Audio version of the article
Feature stores manage data pipelines that transform raw data to feature values.
According to a Gartner study, 85 percent of AI projects will flatline by 2022. Even the most diligent machine learning models may not meet expectations when deployed in an enterprise setting, mainly due to two reasons — inadequate data infrastructure and talent scarcity.
In the machine learning pipeline, search for appropriate data and dataset preparation are among the most time-consuming processes. A data scientist spends around 80 percent of his/her time in managing and preparing data for analysis. The demand-supply gap for qualified data scientists is another pressing challenge.
Enter, feature store.
What Are Feature Stores?
A feature store allows features (measure pieces of data) to be registered, discovered, and used for the machine learning pipelines and online applications for model inferencing. They can store large volumes of feature data and provide low latency access to features for online applications. A feature store automates the input, tracks, and governs data into machine learning models. Enterprise AI can benefit immensely from such a centralised and reproducible framework to manage machine learning models.

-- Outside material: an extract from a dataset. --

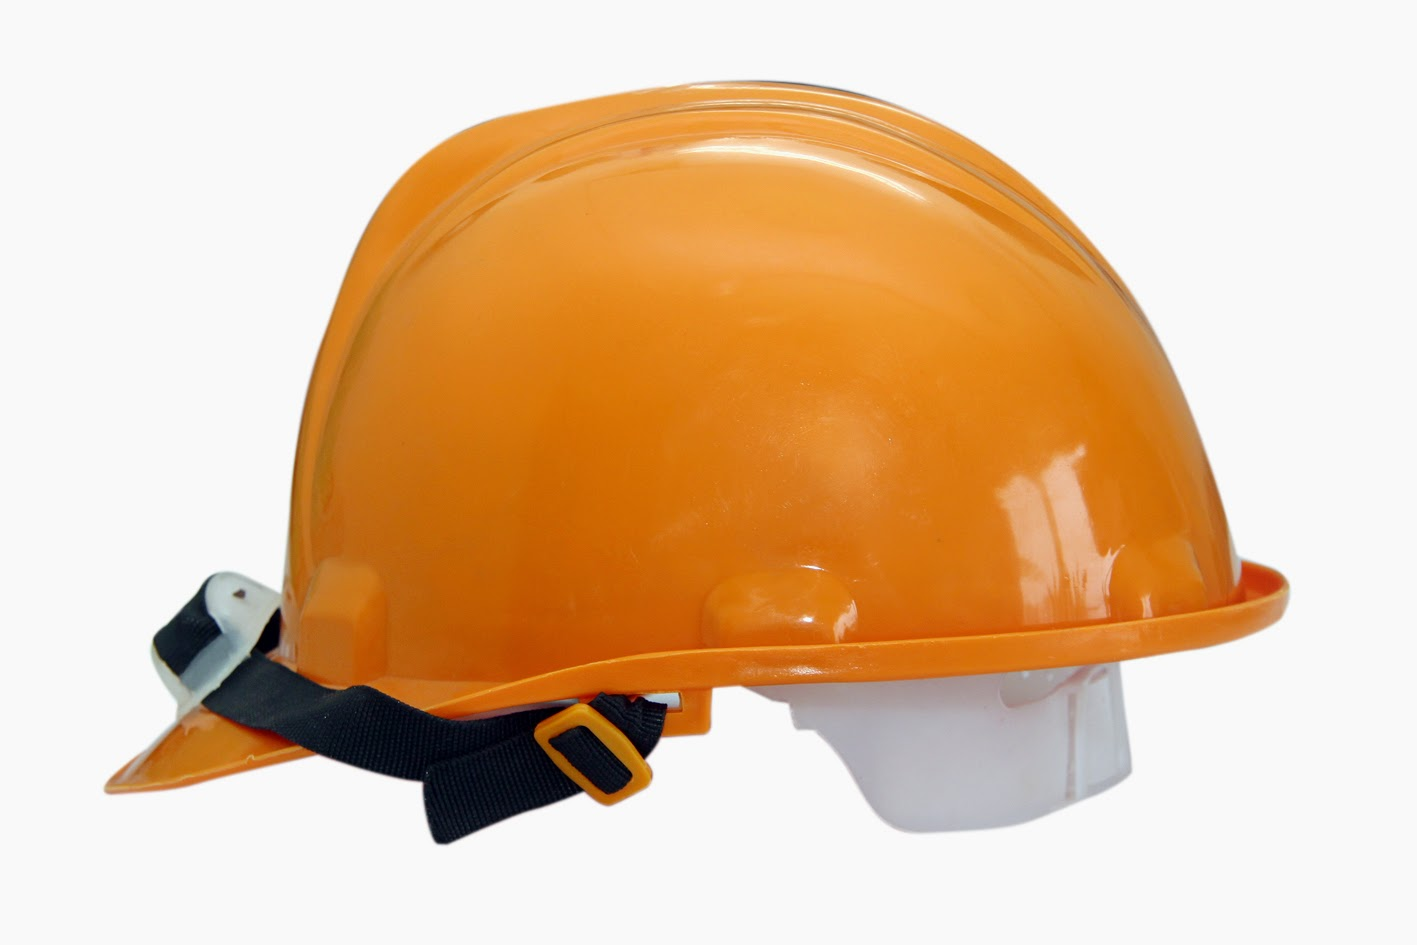 mũ nón bảo hộ lao động giá rẻ Đà Nẵng
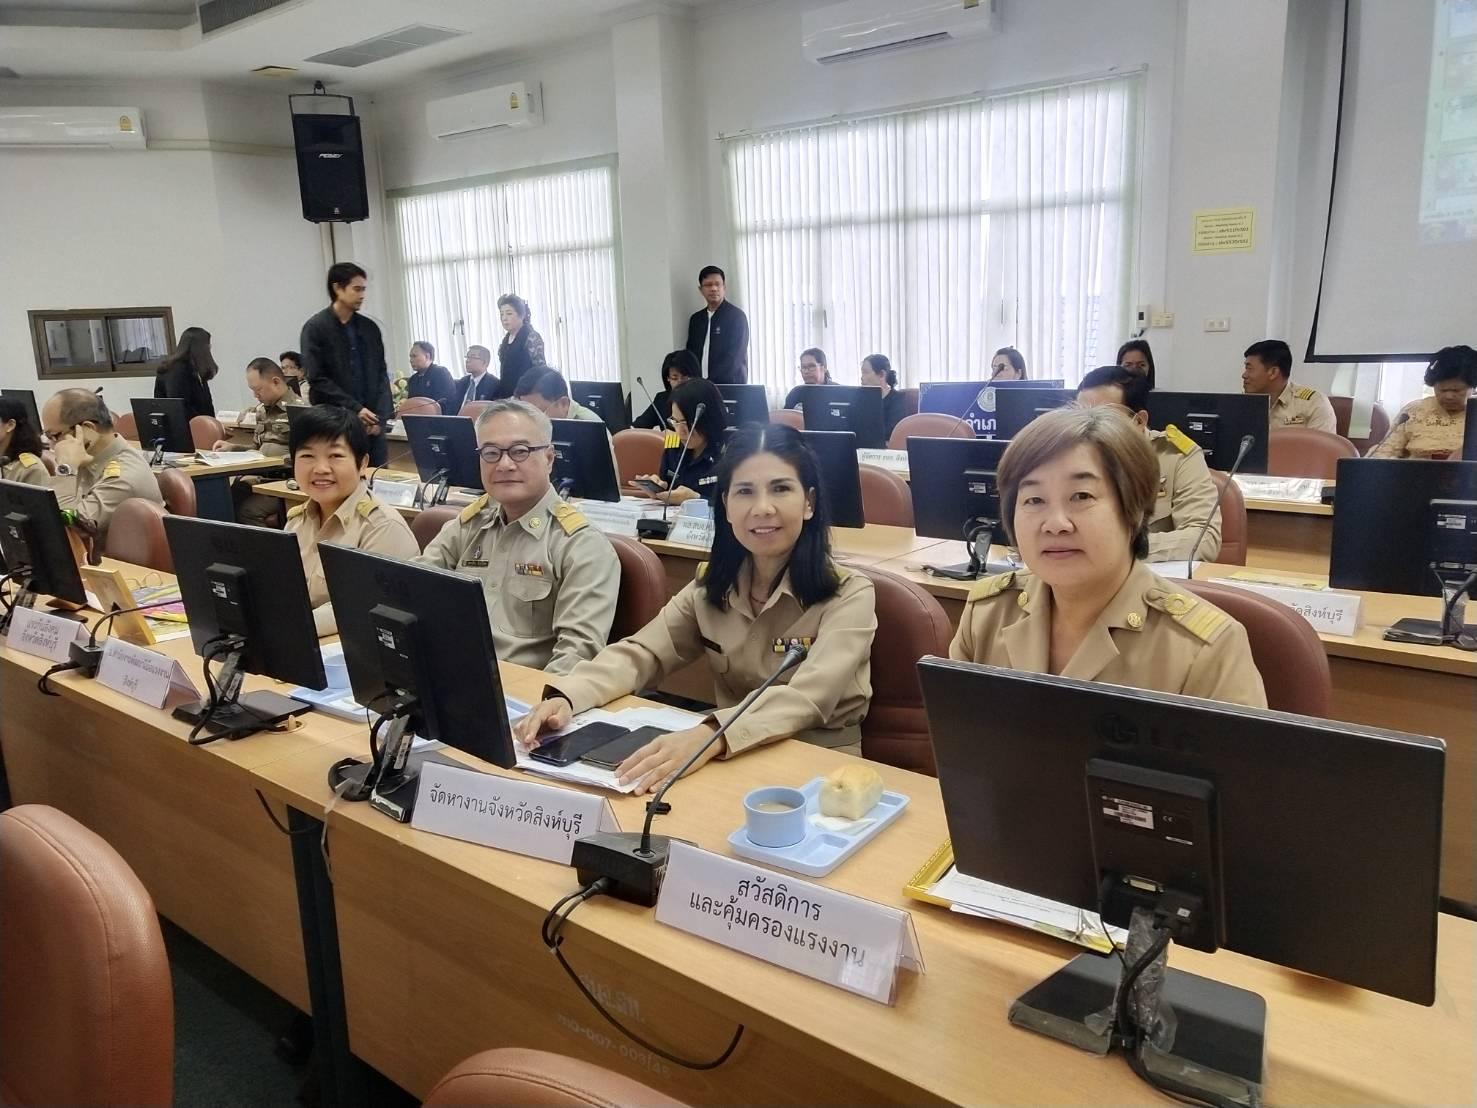 เข้าร่วมการประชุมหัวหน้าส่วนราชการ ประจำเดือนพฤษภาคม 2562

In 2017, Uber changed the game with the introduction of Michelangelo, an ML platform for data management. Michelangelo offered a feature store. In 2019, Feast project, in collaboration with Google Cloud, announced a feature store.
The latest to join the bandwagon is Amazon’s AWS SageMaker Feature Store — a fully managed and purpose-built repository. Airbnb, Twitter, Facebook, and Netflix are other major players with feature stores.
Feature stores (by taking up the most mundane yet time-intensive data tasks) allow data scientists to focus on essential tasks such as model building and experimentation rather than spending time on cleaning and managing data.